**What you need to do**
Only the lines below from the one containing "Marriott's Village Oaks" through the one containing "Conqueror's Blade cover image" belong in the answer, set down exactly, with the pictures left out.

**Data provided**
######

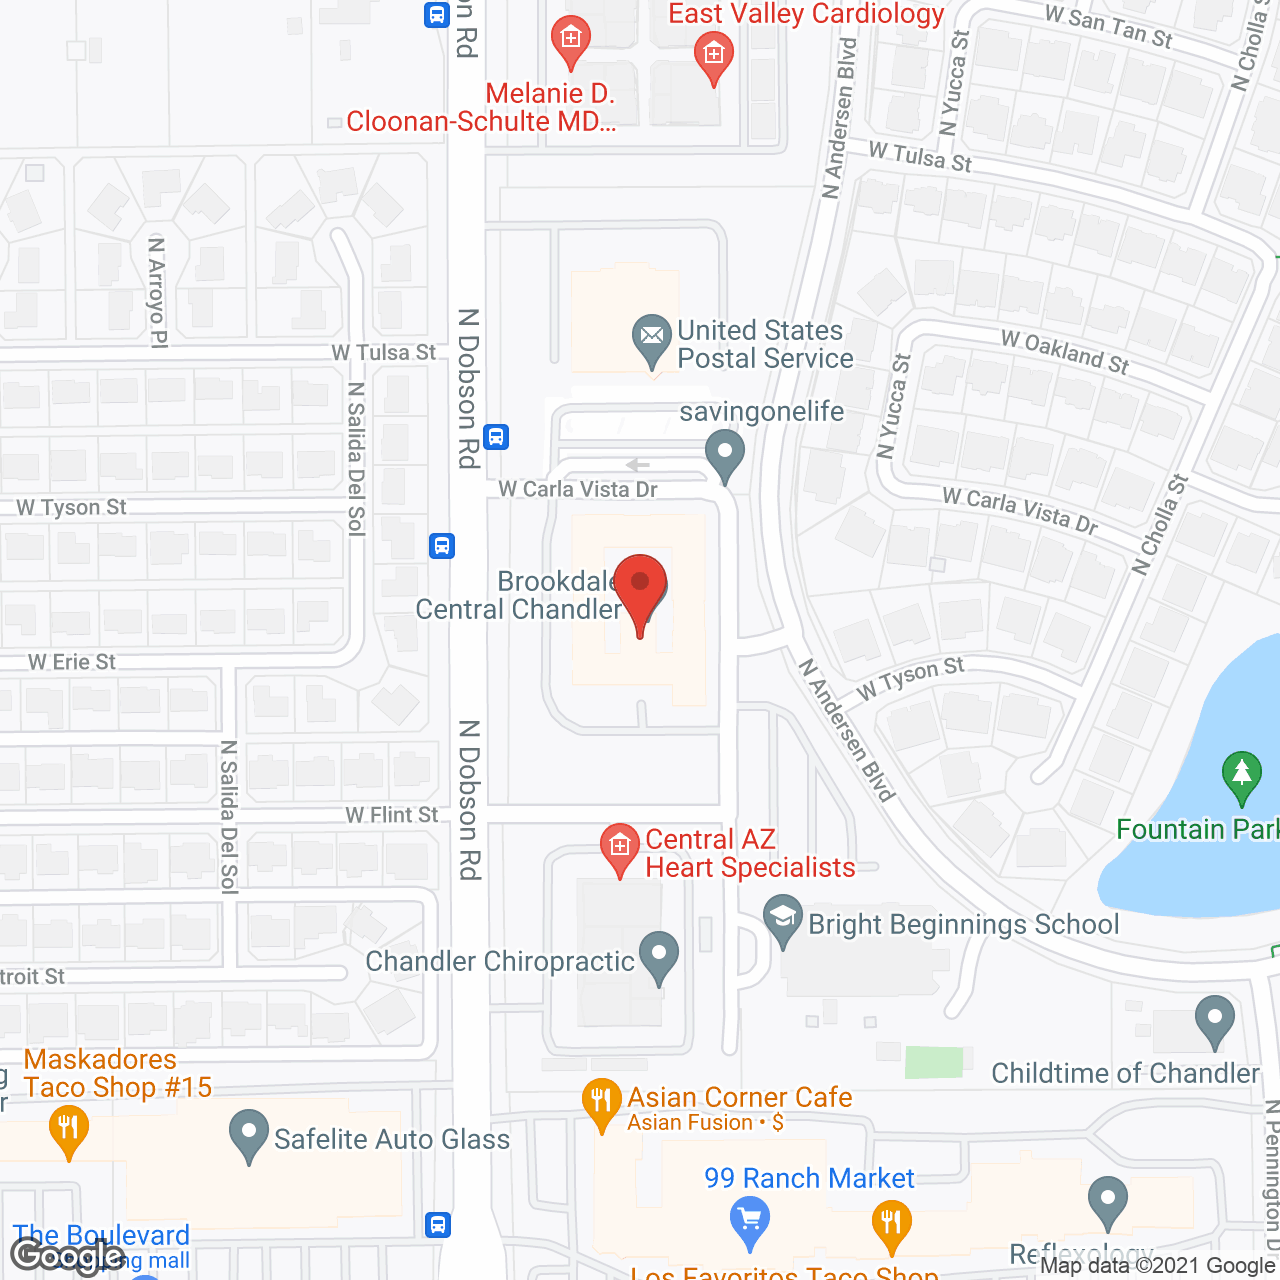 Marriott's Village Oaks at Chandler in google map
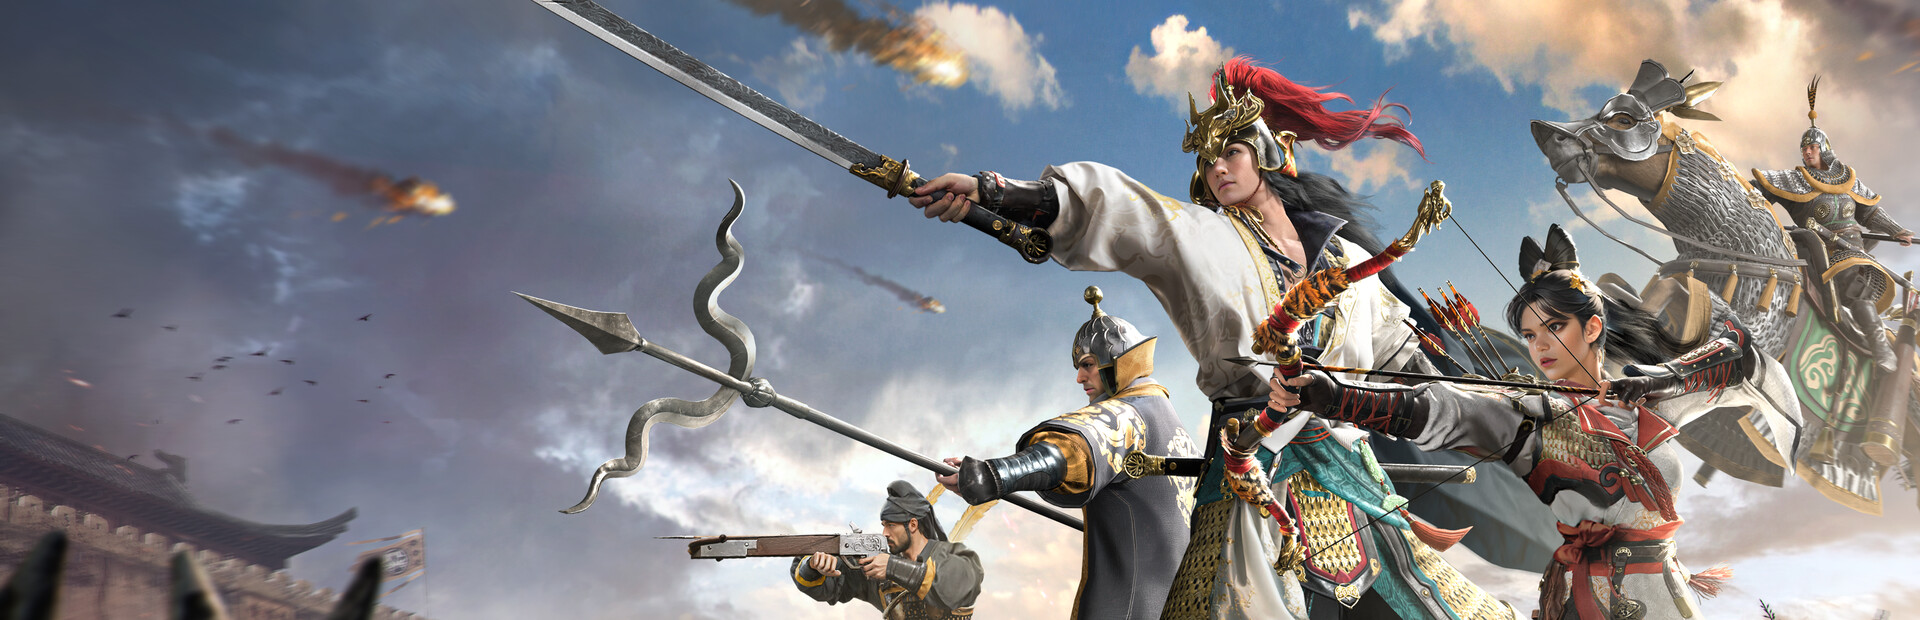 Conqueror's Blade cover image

######

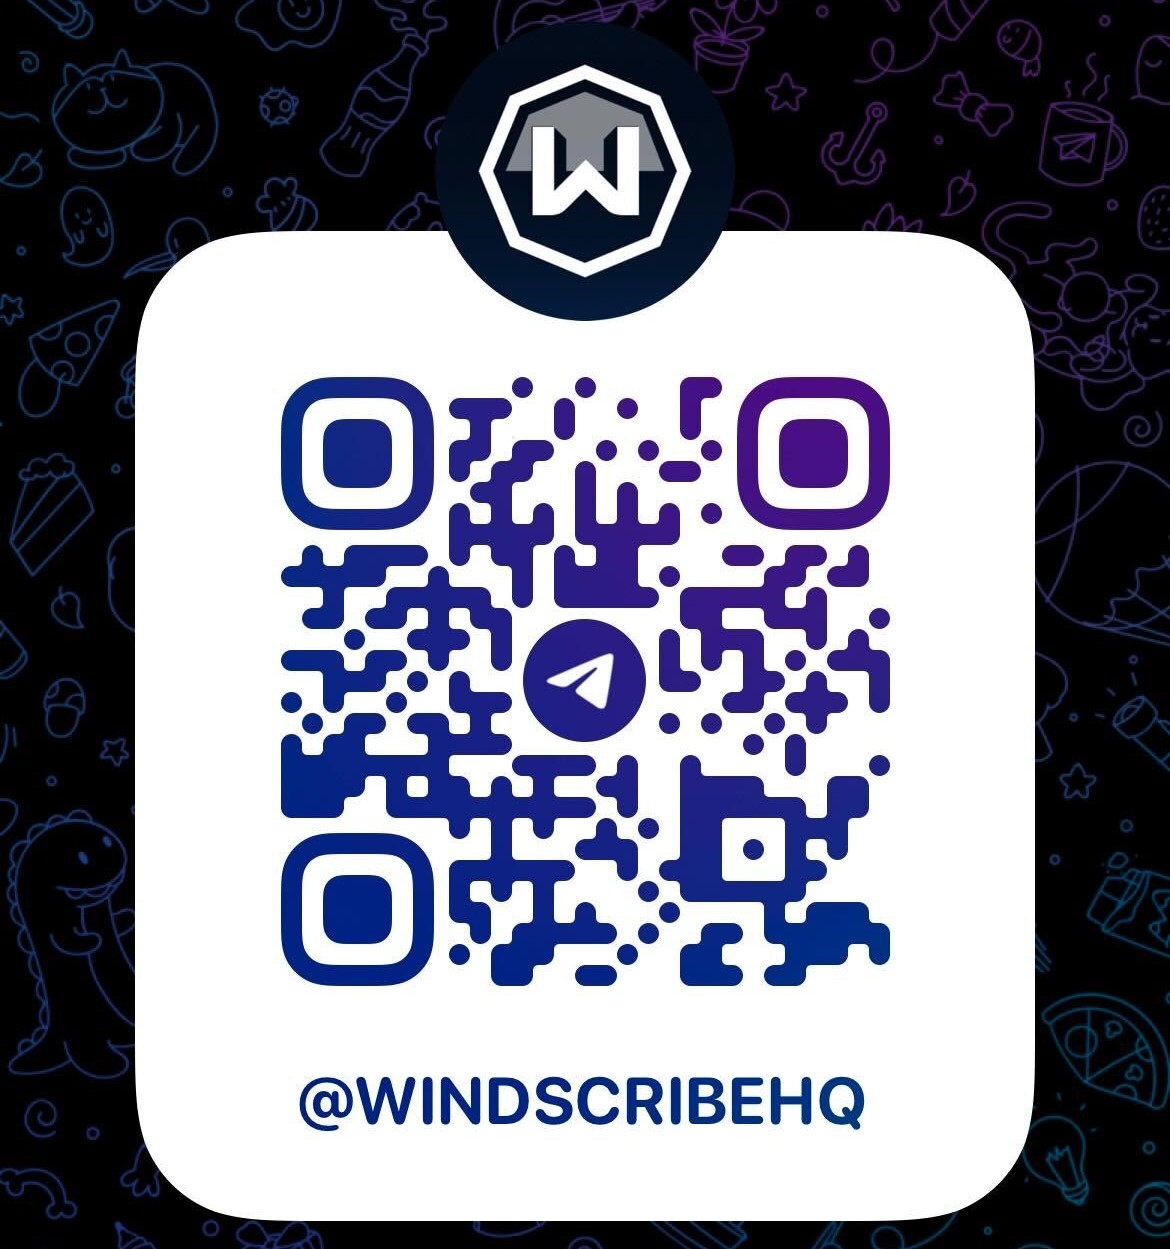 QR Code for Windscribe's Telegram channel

######

**Output for this task**
 Marriott's Village Oaks at Chandler in google map
 Conqueror's Blade cover image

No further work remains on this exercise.